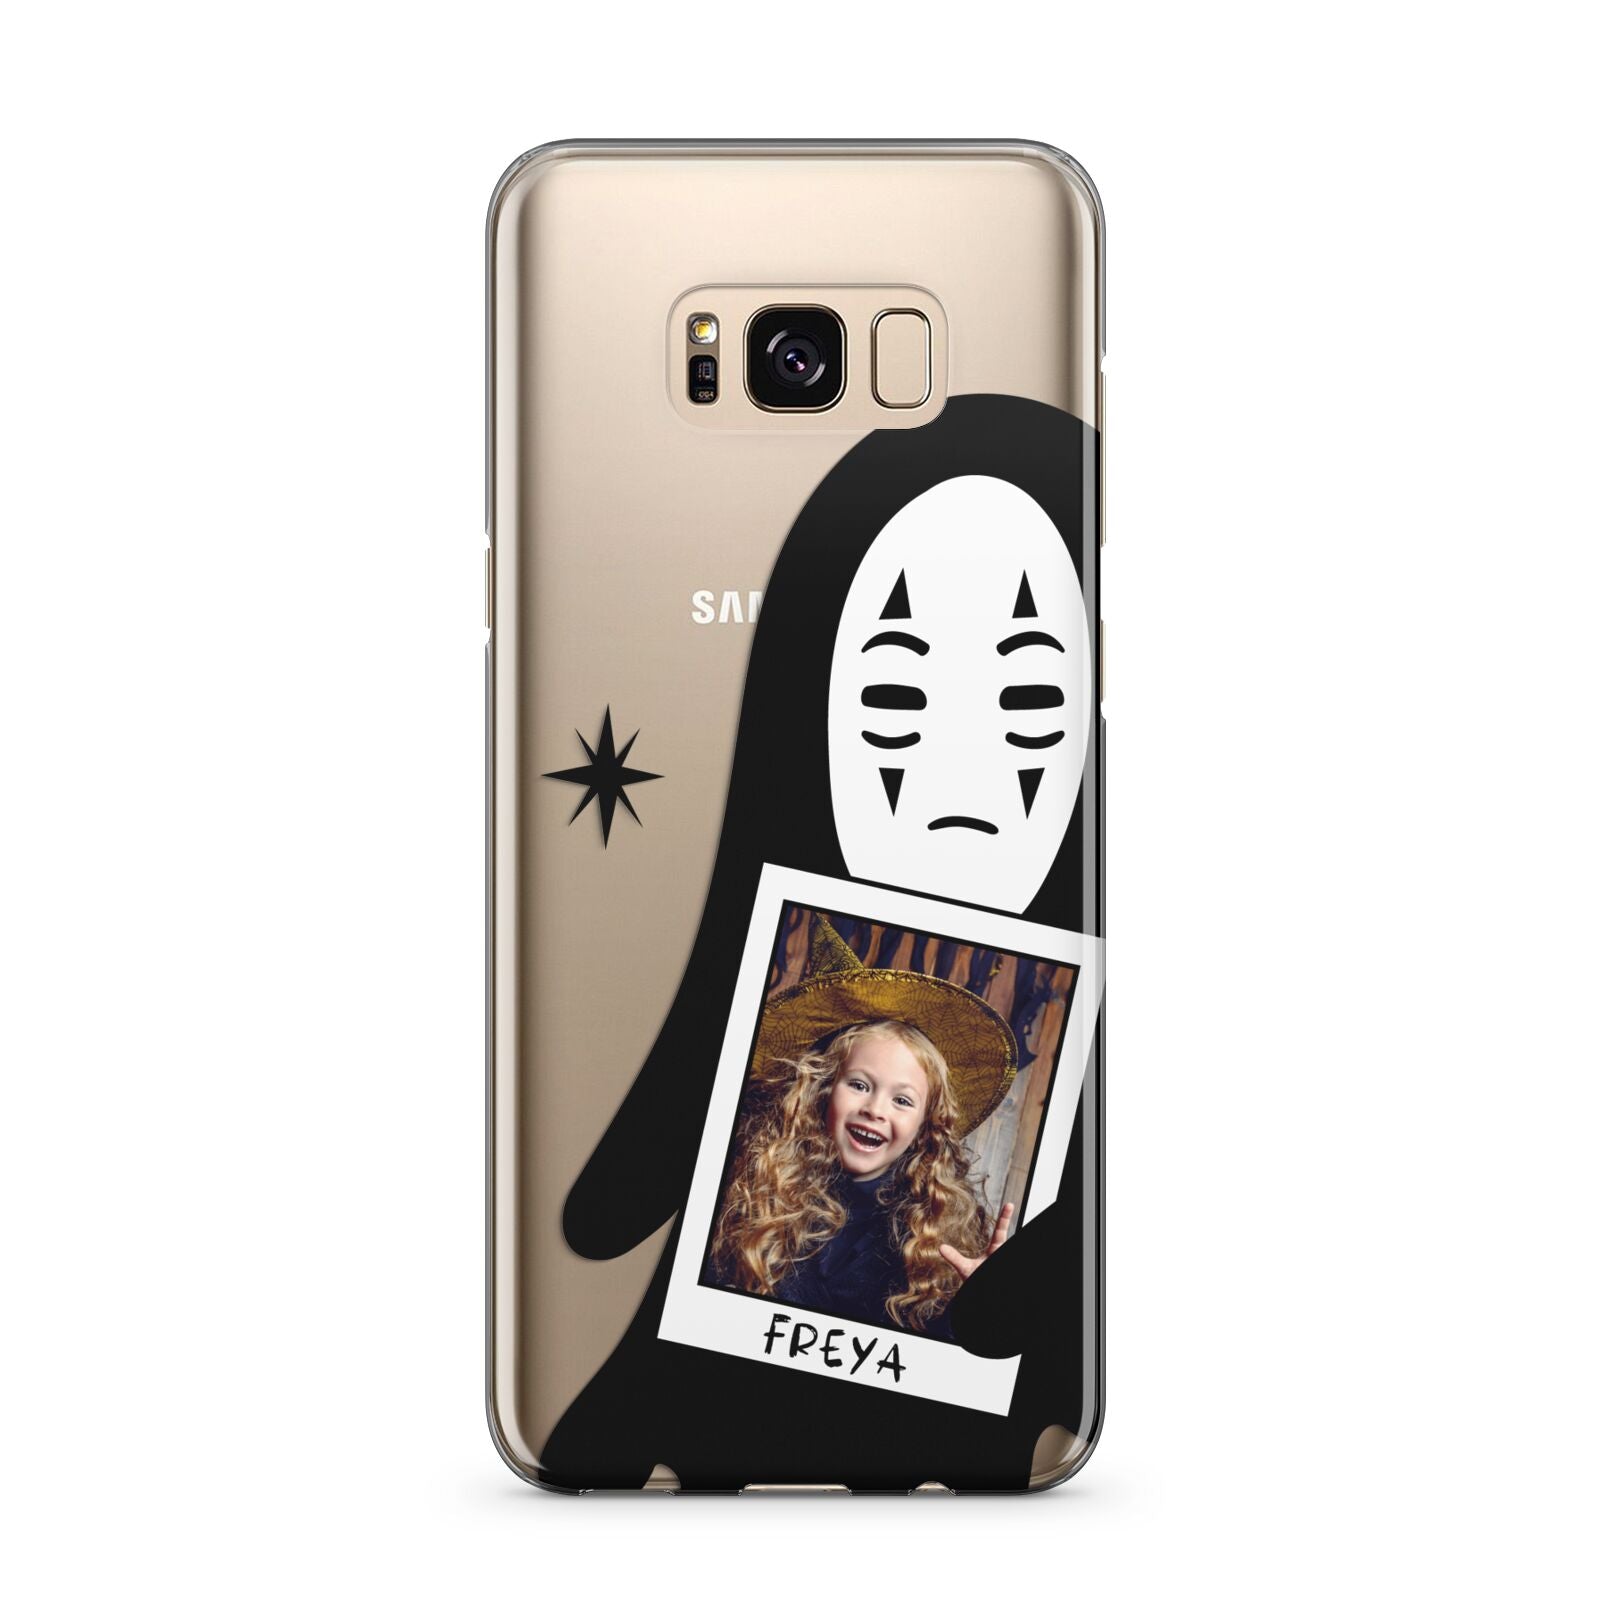 Ghostly Halloween Photo Samsung Galaxy S8 Plus Case
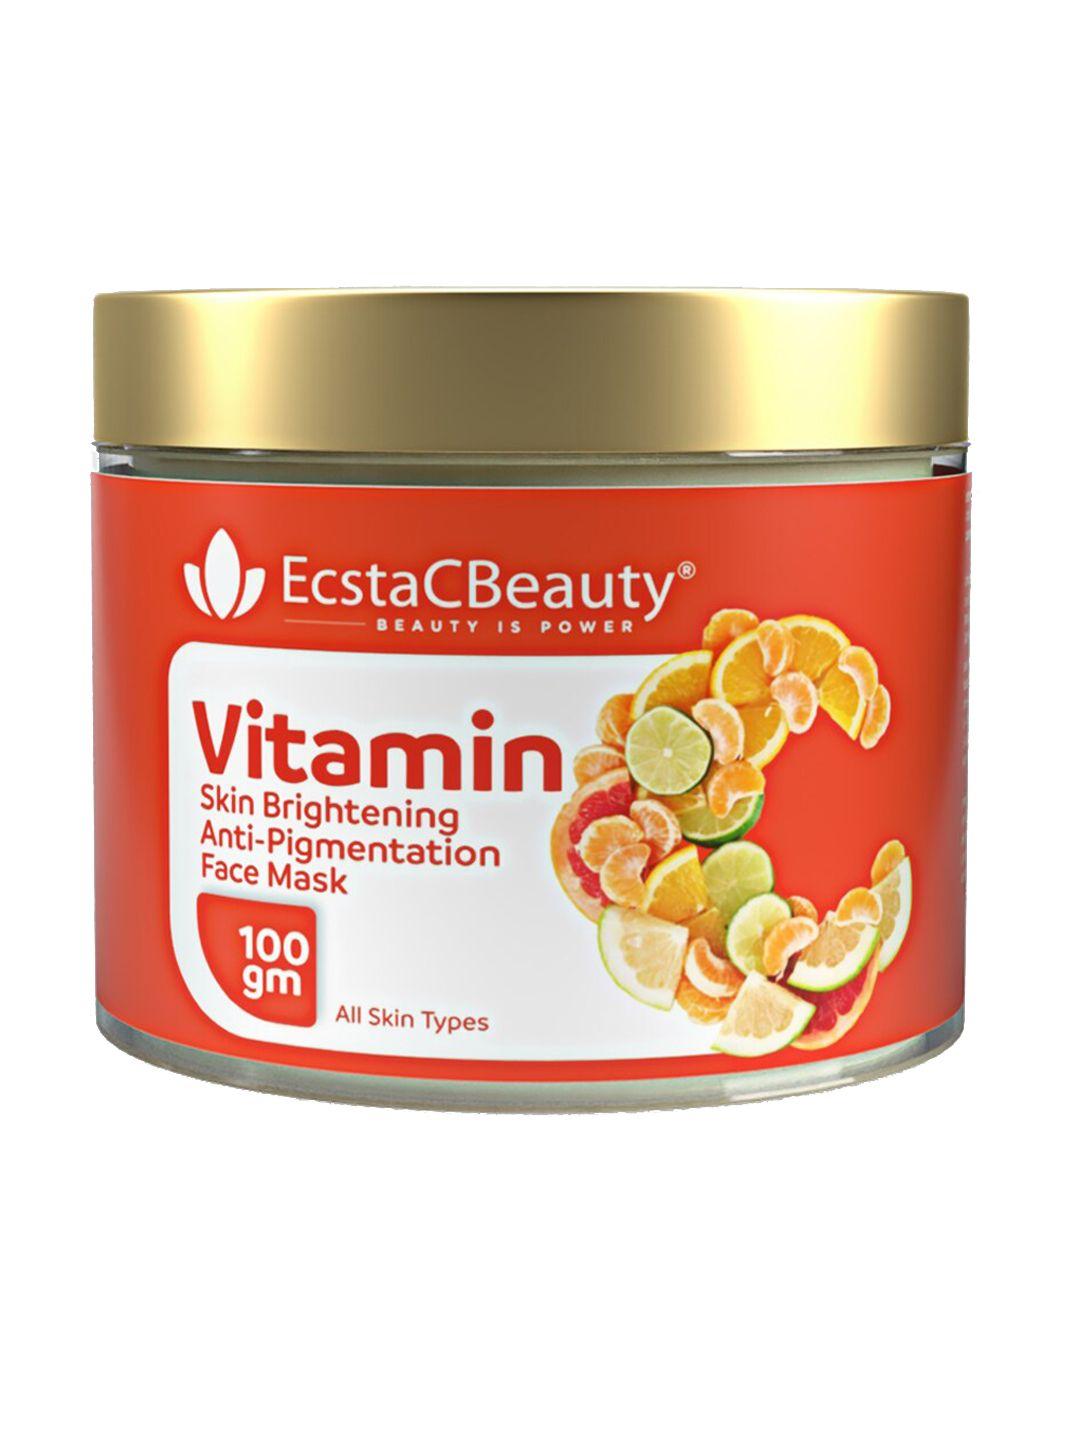 ecstacbeauty vitamin c skin brightening anti-pigmentation face mask - 100ml
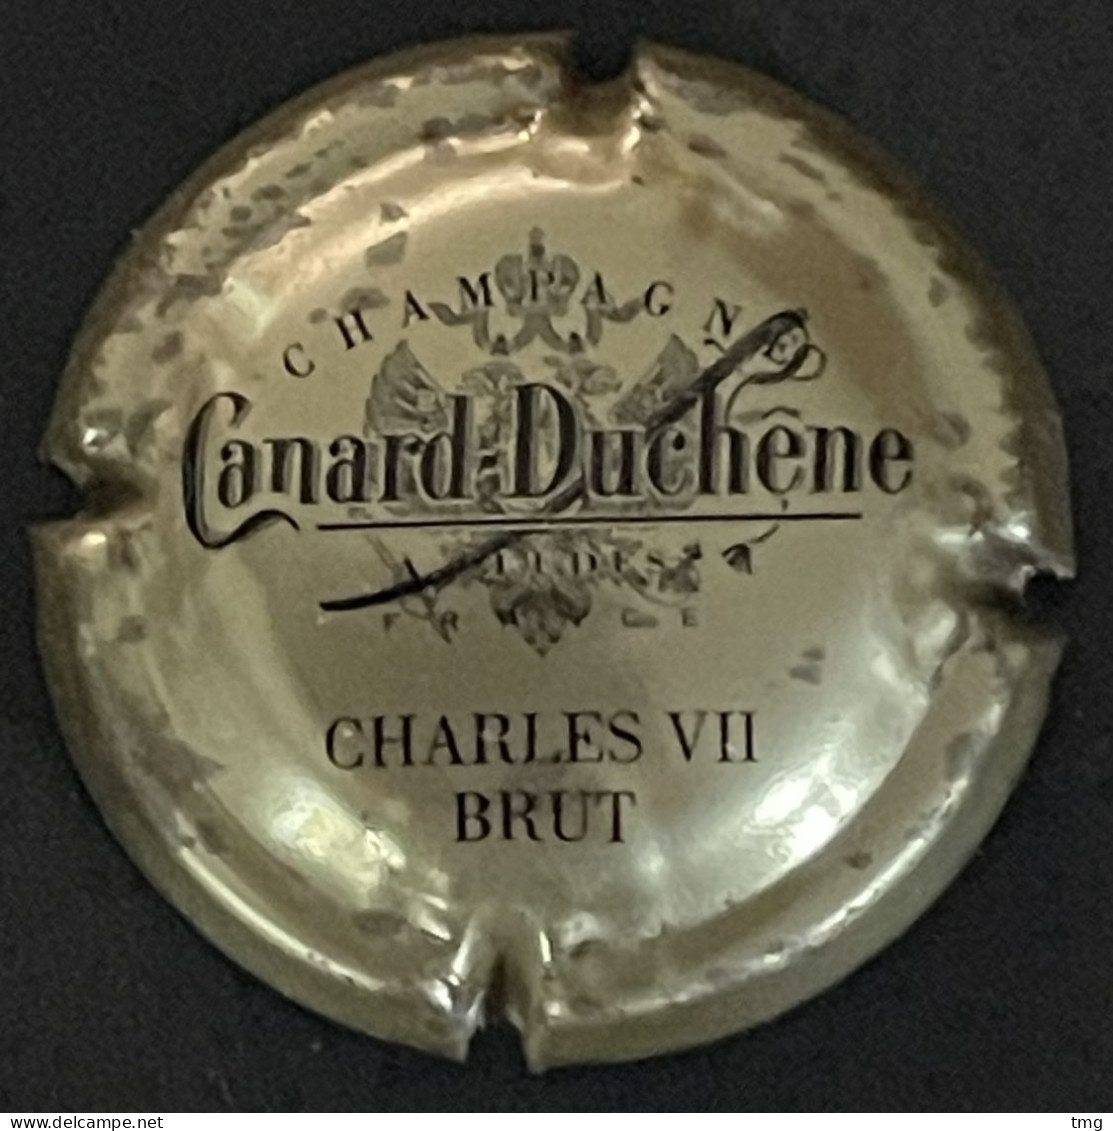 102 - 70 - Canard-Duchêne, Or, Charles VII Brut - Tâchée (côte 2 €) Capsule De Champagne - Canard Duchêne

--

| Task description |
Once the line with "ecstacbeauty vitamin c" is found, output it and every line after it through the end of the listing, exactly, without pictures.

| Exercise output |
 ecstacbeauty vitamin c skin brightening anti-pigmentation face mask - 100ml
 102 - 70 - Canard-Duchêne, Or, Charles VII Brut - Tâchée (côte 2 €) Capsule De Champagne - Canard Duchêne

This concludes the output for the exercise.